If the endangered mammals on the island of Madagascar go extinct, 23 million years of evolutionary history could be wiped out, according to a study.
From the ring-tailed lemur to the aye-aye, a nocturnal primate, more than 20 million years of unique evolutionary history could be wiped from the planet if nothing is done to prevent the extinction of Madagascar’s endangered mammals, according to a new study.

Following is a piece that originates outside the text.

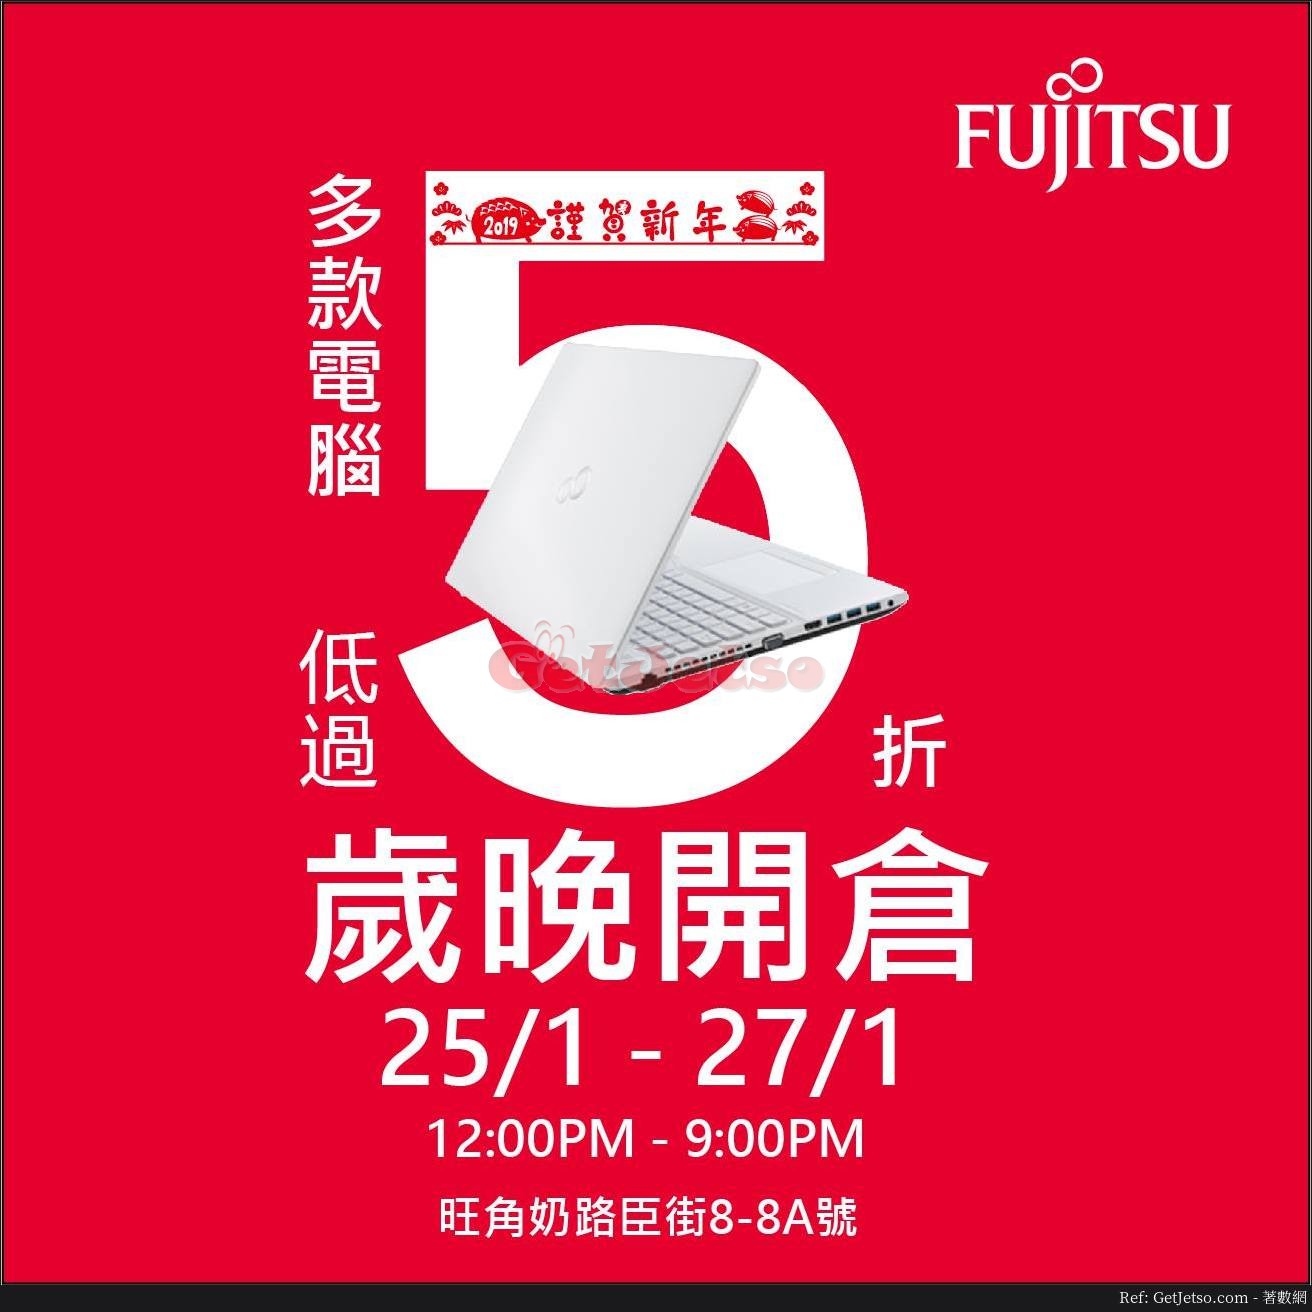 Fujitsu 低至5折歲晚開倉優惠(19年1月25-27日)圖片1
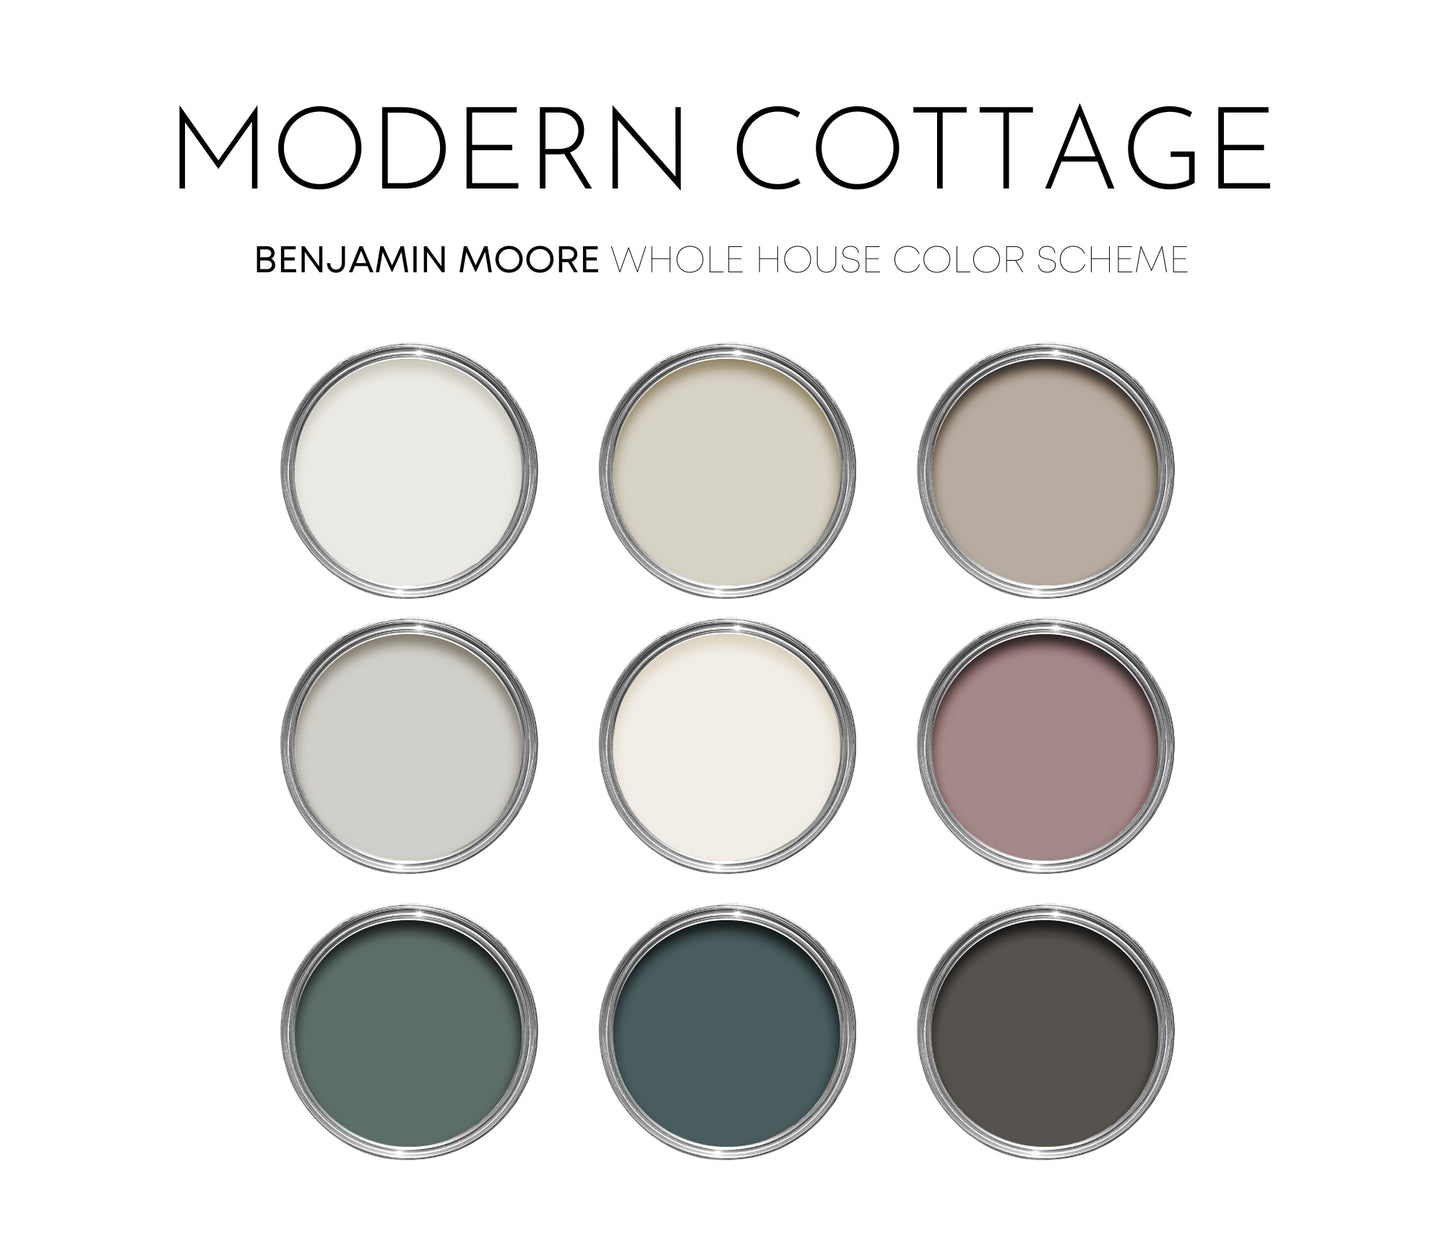 Modern Cottage Benjamin Moore Paint Palette, Warm Neutrals, Interior Paint Colors, Coordinating Interior Design, Color Palette, Jack Pine

It would already take 3 million years to recover the diversity of mammal species that have been extinct since humans settled on the island 2,500 years ago. But much more is at risk in the coming decades: if the endangered species of mammals in Madagascar go extinct, the life forms created by 23 million years of evolutionary history will be destroyed.
“Our results suggest that an extinction wave with profound evolutionary impact is imminent in Madagascar unless immediate conservation measures are taken.”wrote the researchers in an article published in Nature Communications. The island of Madagascar is one of the planet’s biodiversity hotspots, with 90% of its species found nowhere else on the planet, but more than half of its mammal species are threatened with extinction.
Unique Fauna of the Island of Madagascar
The stakes are high because the island is relatively untouched and home to wildlife that hasn’t evolved anywhere else since it broke away from greater India some 88 million years ago. It’s the fourth largest island in the world, the size of Ukraine, and much of its diversity is based on species that came from Africa and then diversified over millions of years.
“It’s about putting things in perspective: we’re losing unique traits of species that are unlikely to ever evolve again.said lead researcher Dr. Luis Valente of the Naturalis Center for Biodiversity in Leiden, the Netherlands, and the University of Groningen. “Each species is valuable in its own right; It’s like destroying a work of art, so what’s happening is pretty shocking.”. His team collaborated with researchers from the US and the conservation organization Association Vahatra in Madagascar.
The island is particularly known for its ring-tailed lemurs, members of a unique lineage of primates found nowhere else. Other known inhabitants include the fossa, a carnivorous cat-like animal, and the panther chameleon, as well as a wide variety of butterflies, orchids, baobab trees and many other unique species.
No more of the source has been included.